Verminder de temperatuur en luchtvochtigheid in het gebouw door:

  • Apparatuur en verlichting waar mogelijk uit te zetten;
  • Ovens niet te vroeg op te starten;
  • Zoveel mogelijk te ventileren als de temperatuur en de luchtvochtigheid buiten laag zijn (bijvoorbeeld ’s nachts);
  • Zonwering of warmtewerende folie op (dak)ramen te gebruiken;
  • Het dak te koelen met daksproeiers
    (NB. Let op de legionellarisico’s);
  • Voor witte dakbekleding te zorgen;
  • Tijdelijke koeling of ventilatie in te zetten.

Houd bij de werkplanning rekening met de warmte:

  • Verschuif werktijden naar de koelste periodes.
  • Plan onderhoudswerkzaamheden in warme omstandigheden zoveel mogelijk buiten de zomer.
  • Verdeel belastend werk over meerdere personen en wissel vaker af.
  • Wissel werk in warmte af met werkzaamheden en extra pauzes in een koelere omgeving.
  • Vermijd bij warmte werkplekken of werkzaamheden hoog in het gebouw.
  • Vermijd bij warmte werkzaamheden dichtbij warmtebronnen (ook bij hete gevel).
  • Plan bij naderende warme dagen de productie zodanig dat de warmteafgifte van ovens en
    andere warmte-producerende machines zo laag mogelijk is.

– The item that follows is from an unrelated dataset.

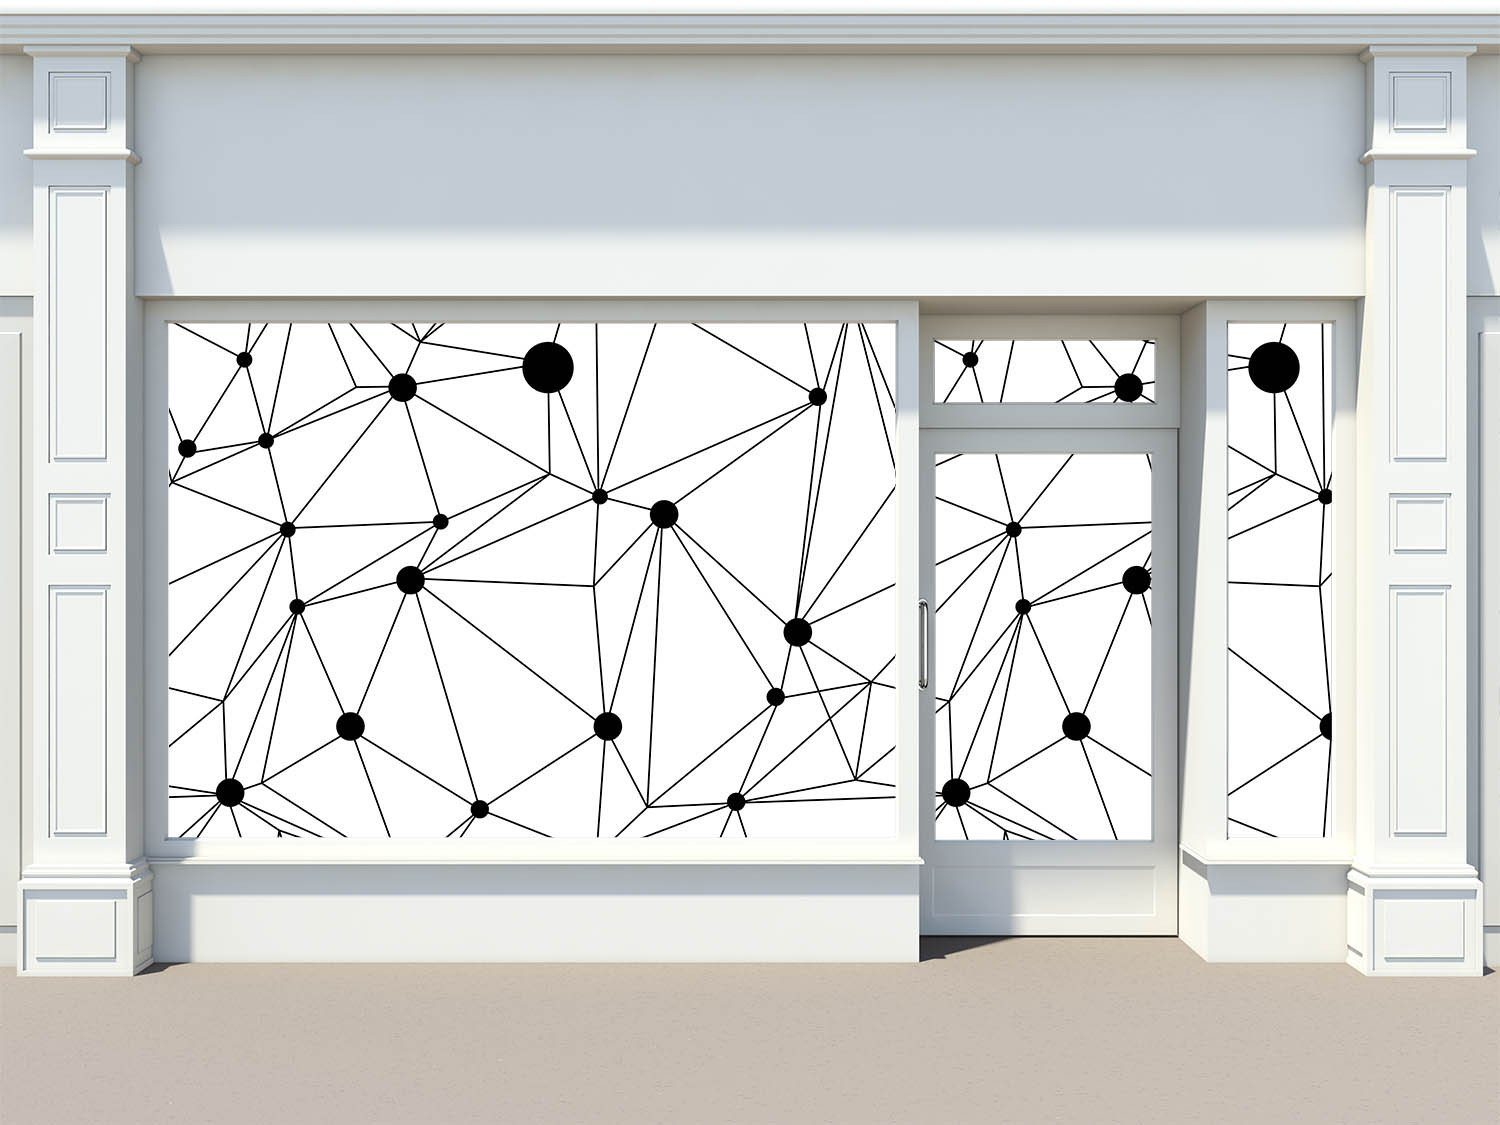 Connected Nodes Wallpaper AJ Wallpaper 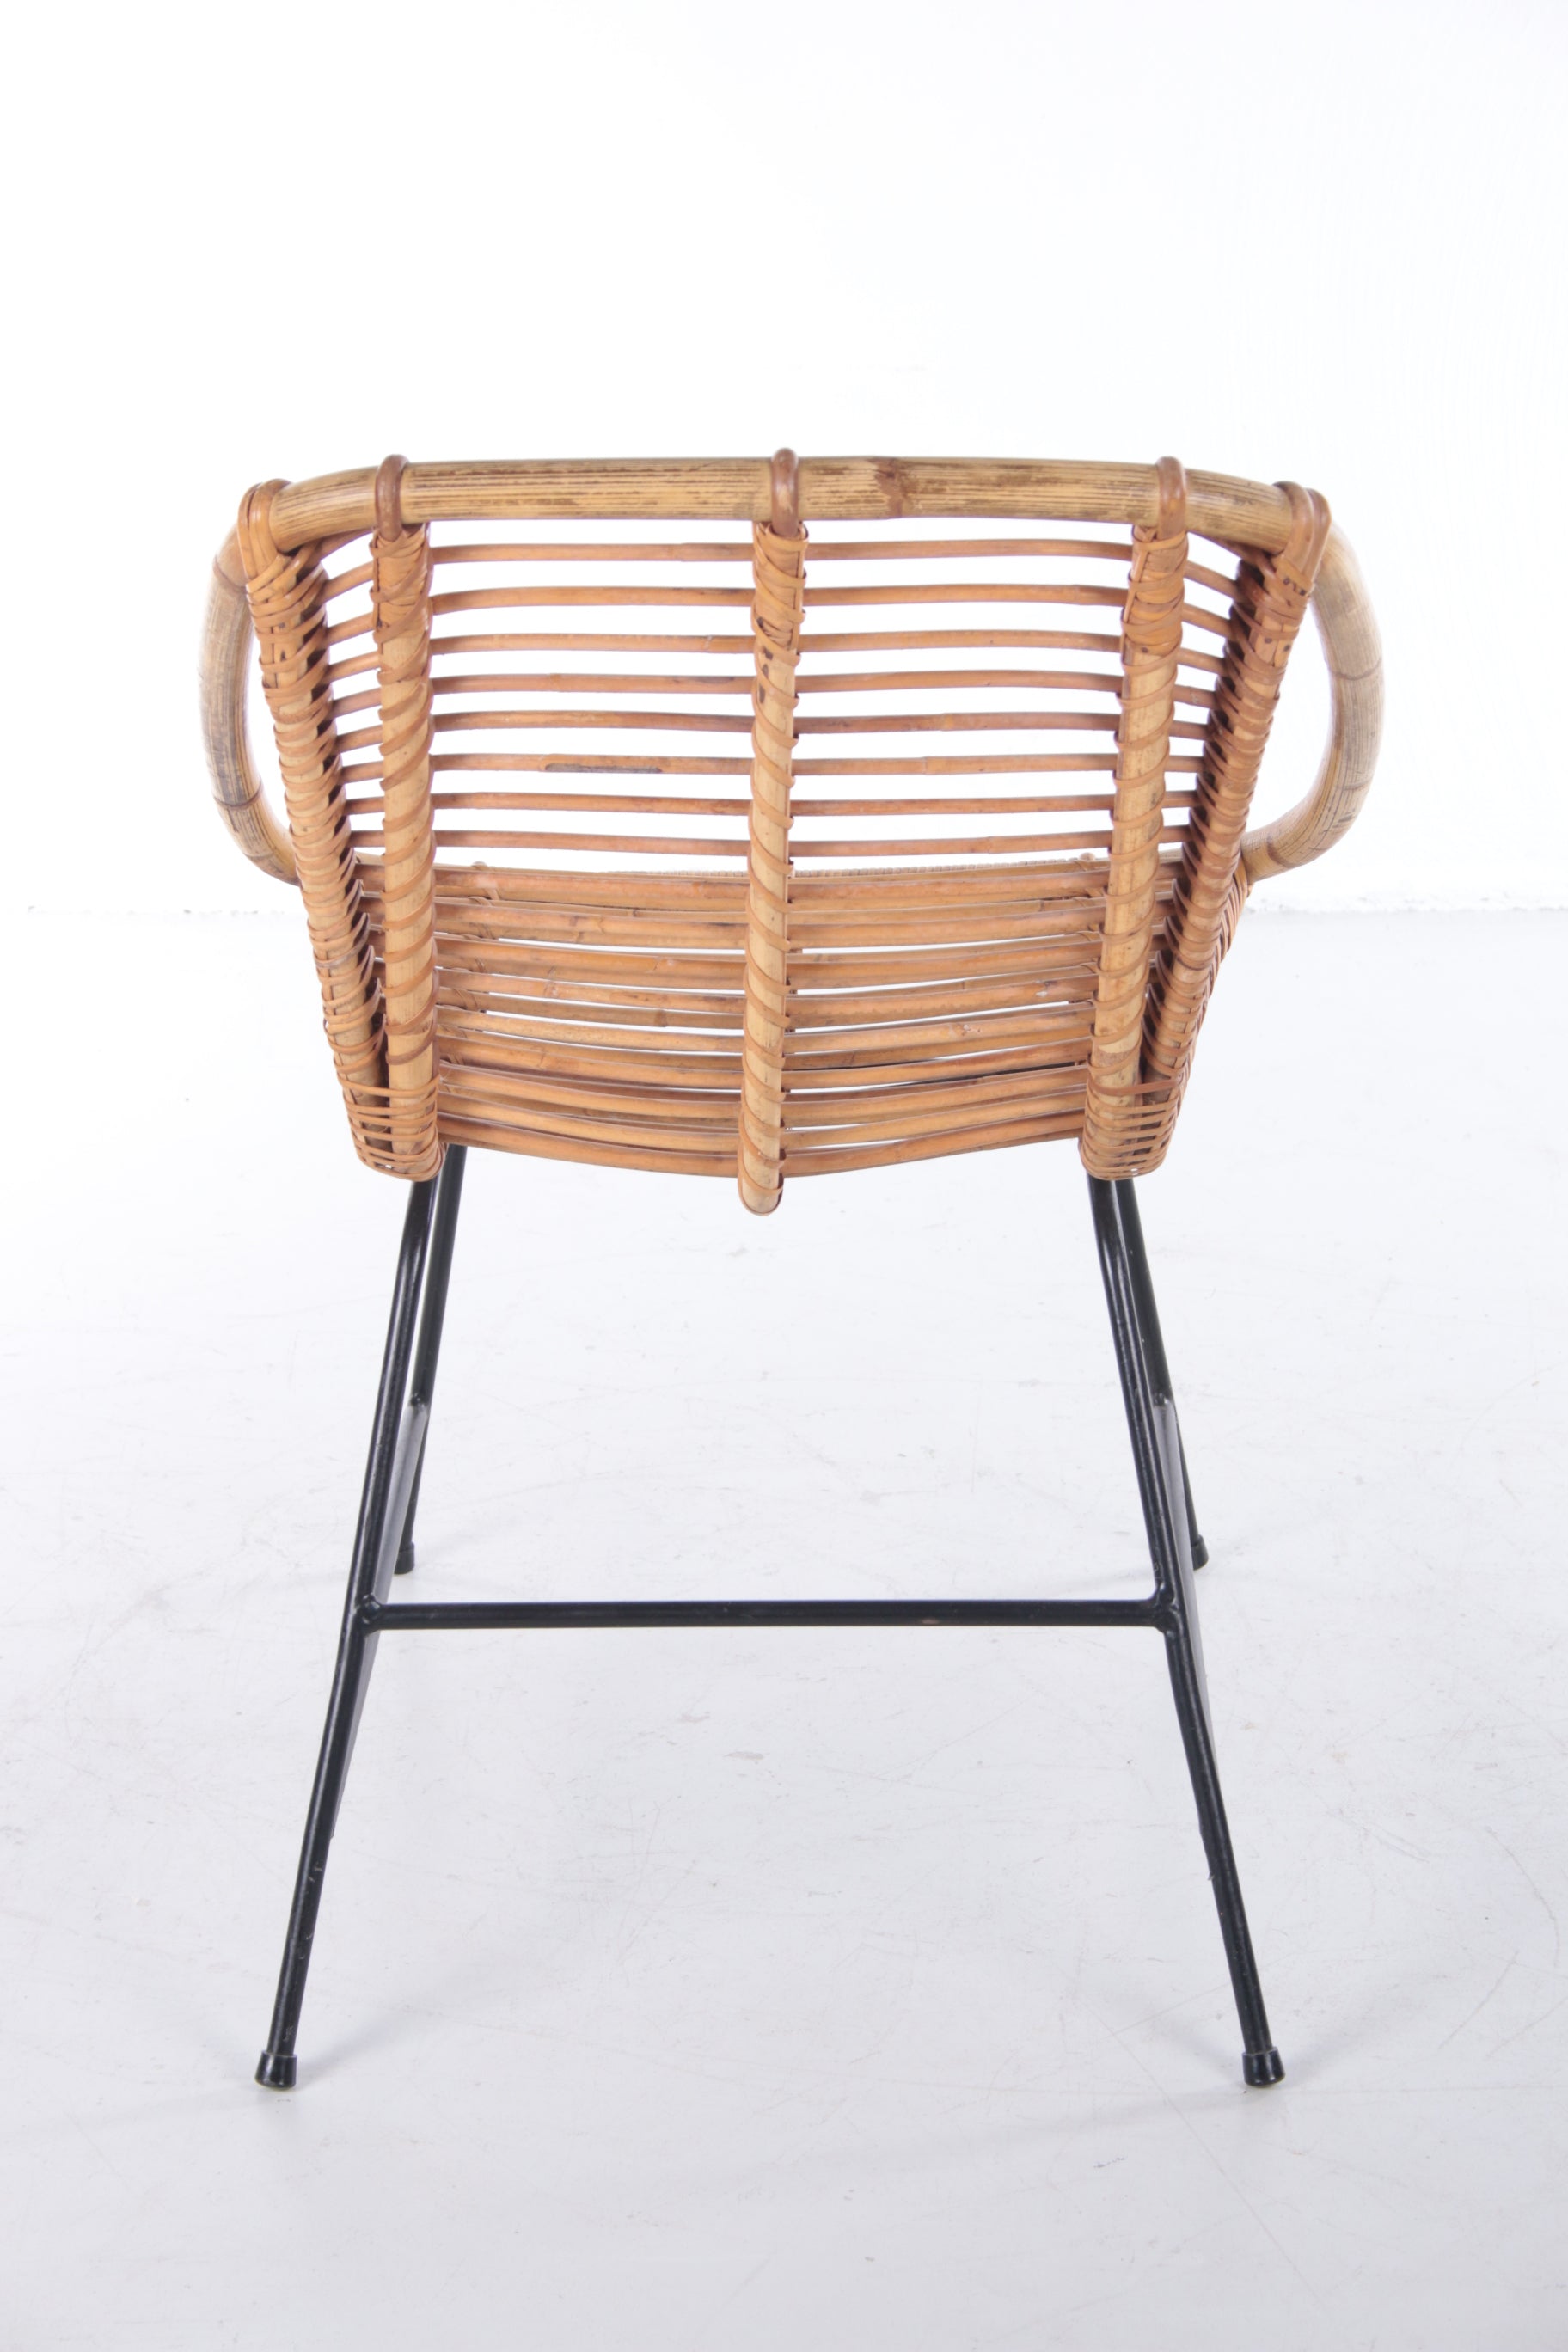 Vintage Bamboe Design stoel jaren60 Dirk van Sliedrecht Style.Set van 4 achterkant

Als medewerkers een deel van de dag op minder warme plekken werken, staan zij dagelijks aan minder warmte bloot. Deze oplossing verdeelt de warmtebelasting over meer medewerkers. De oplossing is afhankelijk van het warmteplan.

Persoonlijke beschermingsmiddelen

Sommige bedrijven verstrekken zouttabletten op hete dagen. Dit is niet effectief, want zouttabletten verergeren juist de dorst. Het heeft de voorkeur om het zouttekort aan te vullen met natuurlijk zout van voeding.

Bied optimale werkkleding aan die zo min mogelijk warmte vasthoudt en zweet goed afvoert. Tegelijkertijd dient de kleding voldoende bescherming te bieden tegen bijvoorbeeld verbranding.

Bij extreme hittebelasting vermindert een koelvest de opwarming van het lichaam van medewerkers. De ervaring leert dat koelvesten met name bij mobiele functies niet als aangenaam worden ervaren.